As he rode through the olive grove he caught sight of Miss Gayton. She was standing by the tree where she had been before. But surely there was something different about her? As he came closer he saw what it was—her hair was dressed differently. Before, she had had a sort of wave down across her forehead—not a becoming style, he had thought, at least for her shape of head. That had gone. Her hair was parted now in the middle, brought back and tied in a coil by a fine fillet of gold ribbon.
Now, standing near her, he saw that the change was not confined to her hair. The sloppy jacket and slacks had gone. She was wearing a long, pale-yellow dress of lawn. Finely pleated, it fell, from where it was gathered at the breast by two gold cords, straight to her feet. She had on well-cut sandals of tooled leather. She looked fresh and cool as well as classical. He noticed how her straight nose, which before had seemed a little too long, now was suited by her new hair dressing; the straight, cleared brow and the chiseled line of the nose gave her a Greek profile. He saw, too, how much better she held herself. In her hand she held a sunbonnet.
“You look as though you had come out of one of Jane Austen’s novels,” he said. “Am I to call you Emma or Miss Bennett?”
“I’ve come over,” was her reply.
“Come over?”
“I told you. I’ve seen your point. The fi
esta, I think, made me realize that the poor present has found itself out! If we’re not to be dragooned and uniformed we have to have a style. The French are right: The style is the man—and the woman. If we stand for a way of life, we must stand for it—not lounge about listlessly. We stand for rationalism, for the way of life that made this country a model for the world, but from which it’s been drifting away. And we have a style. We needn’t go Spanish and bad baroque. We needn’t wait to be stripped to a dismal shirt by a dictator. We needn’t wait to be uniformed if we’ll revive our own tonic fashion.”
It was, of course, just the kind of thing which Irene had said to him, on his inspiration. But now it sounded different, again. He suddenly felt at his ease. He realized that he had been frightened of her because he thought she would laugh at him for venturing to dress in a specific style. They sat down together. He was quite ready to take up the theme and instruct her.
“You see, that was the rational, streamlined age. You can’t really age it; it never gets out of date; it’s just style at its best, most finished, most functional. All our present so-called functionalism is simply angularity let rule humanity. It can never reflect itself in costume—which all living architecture always does—as the Adams’ style in building gave rise to the clothes we are bringing back.”
“I came across a saying of Michaelangelo’s the other day,” she was able to back him up, “that architecture can never be understood without the study of anatomy.”
“That’s it: the tailor makes in cloth the theme-model which the architect renders in masonry.”
After that he never felt ill at ease with her again. His two needs, self-admiration and someone to mirror him, were met.
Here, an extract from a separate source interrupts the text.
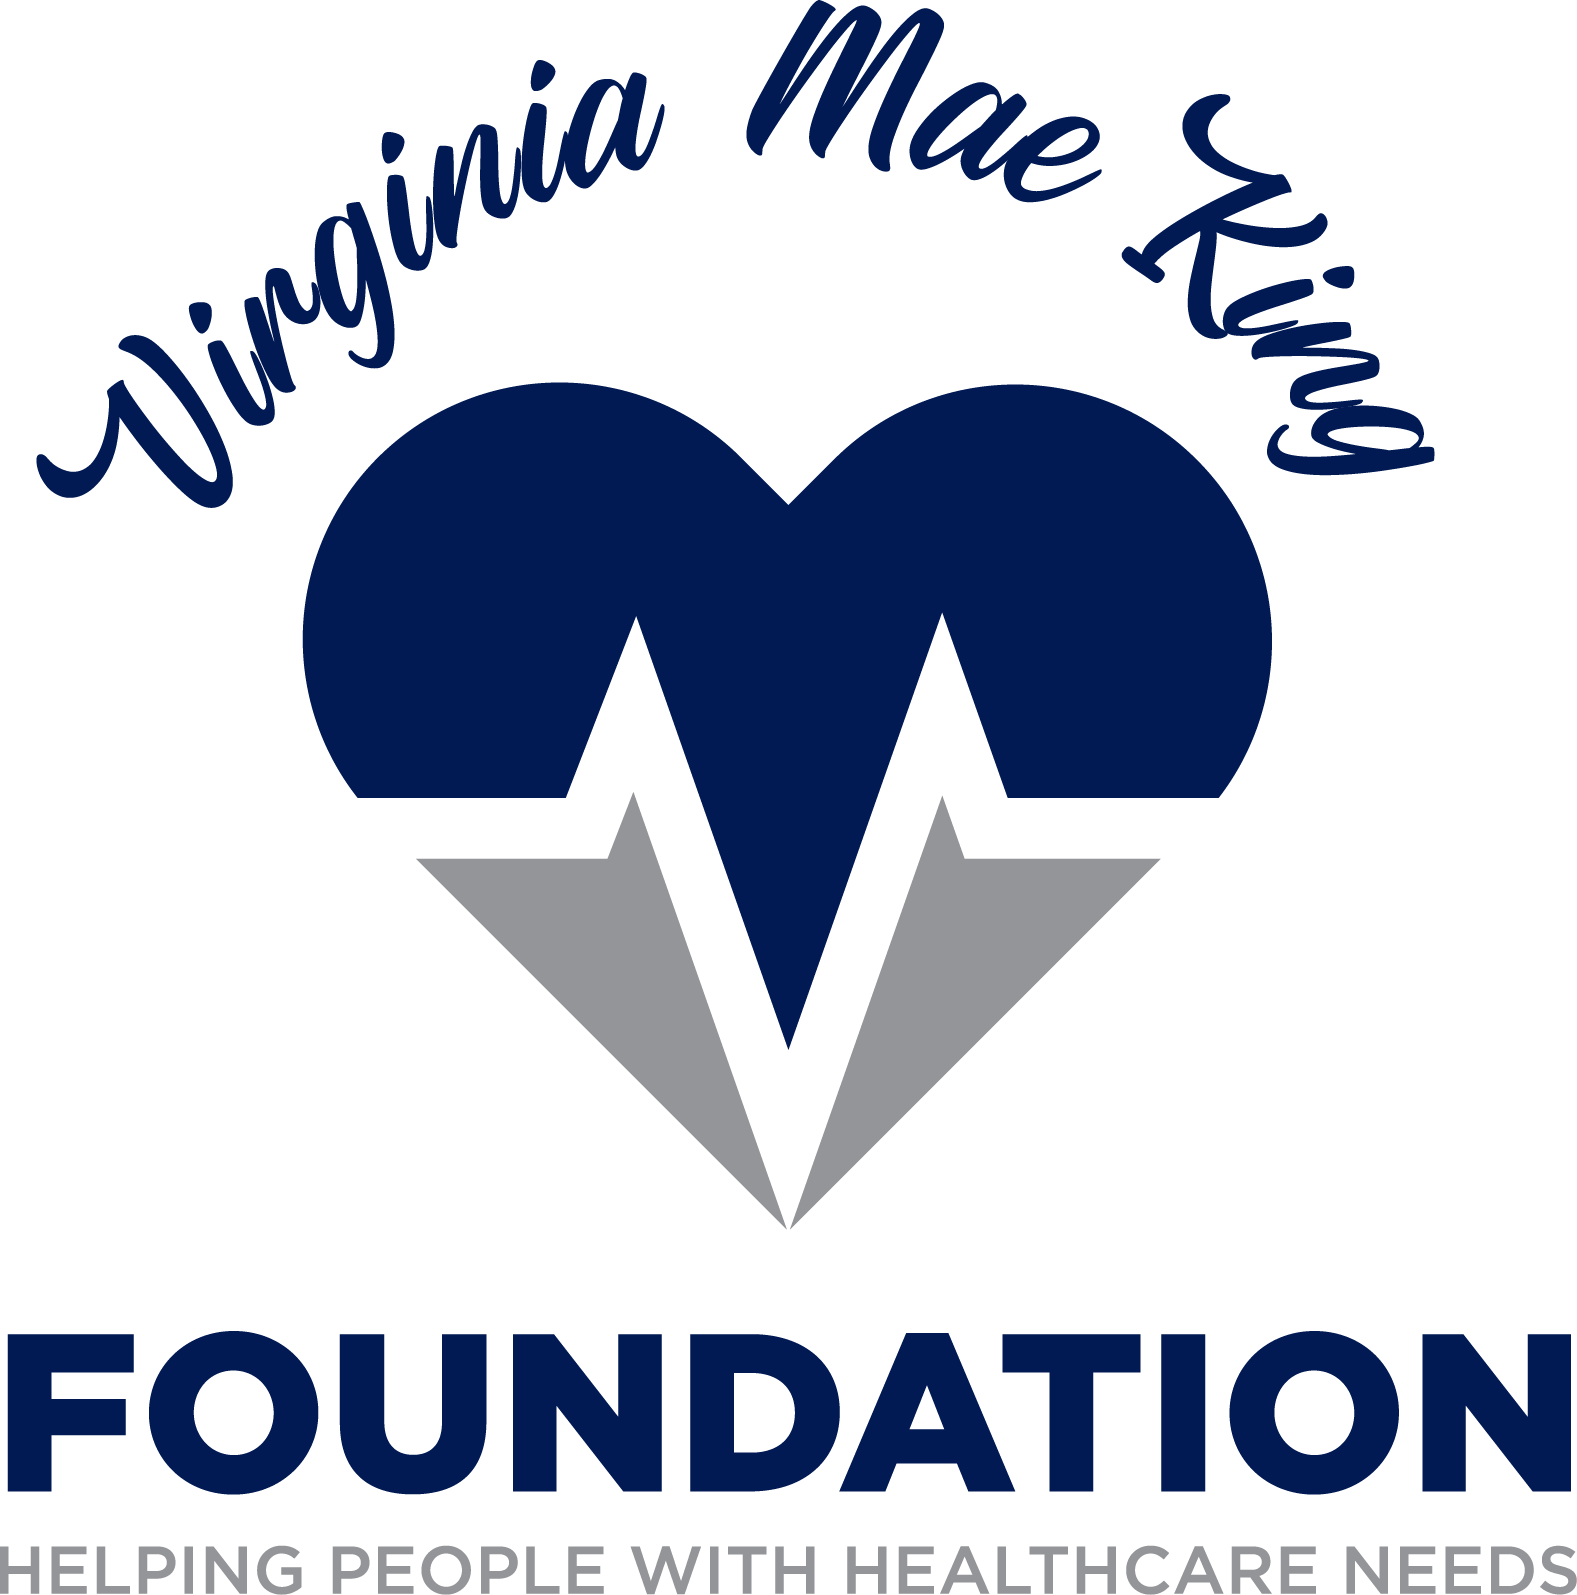 Virginia Mae King Foundation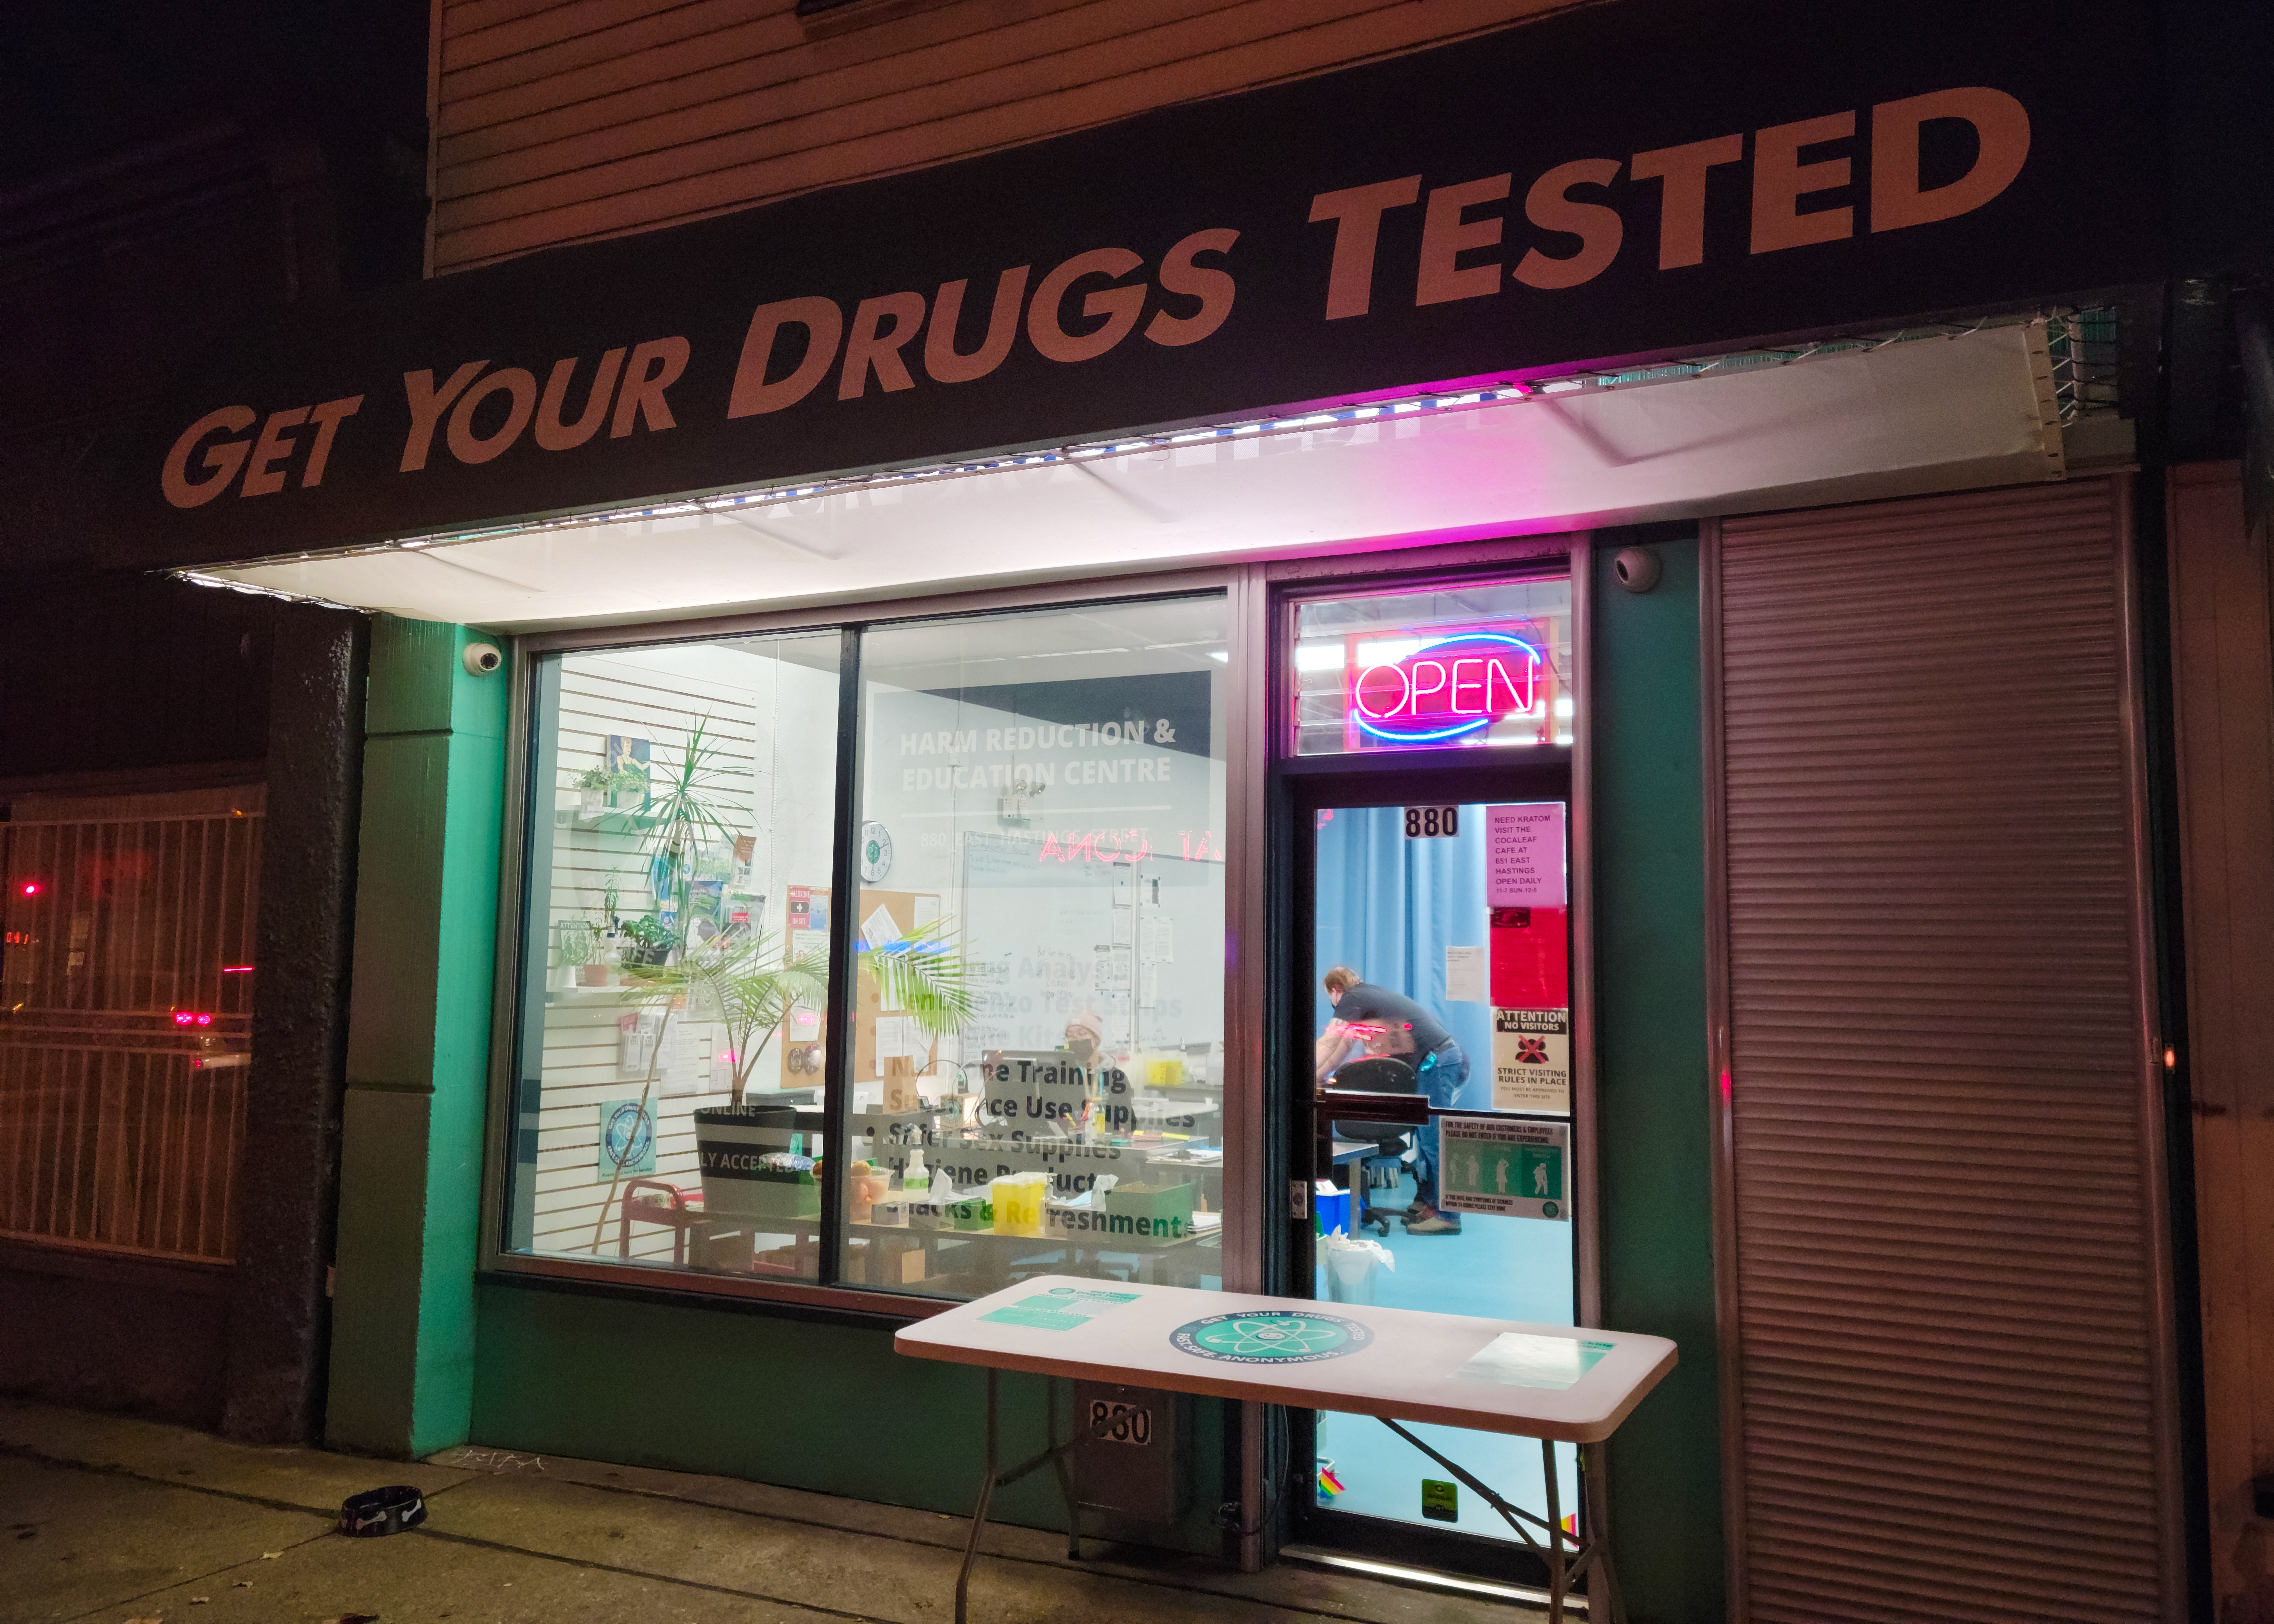 Get Your drug Tested storefront

He was free to fall in love again after his fashion, and he did. She would echo him, but as soon as he wished for a short rest from that reflection he found in her a charming variation on his own theme. When he was tired of unison she could harmonize quite entertainingly.
They parted when he had just time to get up to Kermit’s place and back in time to change for dinner. As they parted, for the first time a definite appointment was made, a clear clandestinity recognized.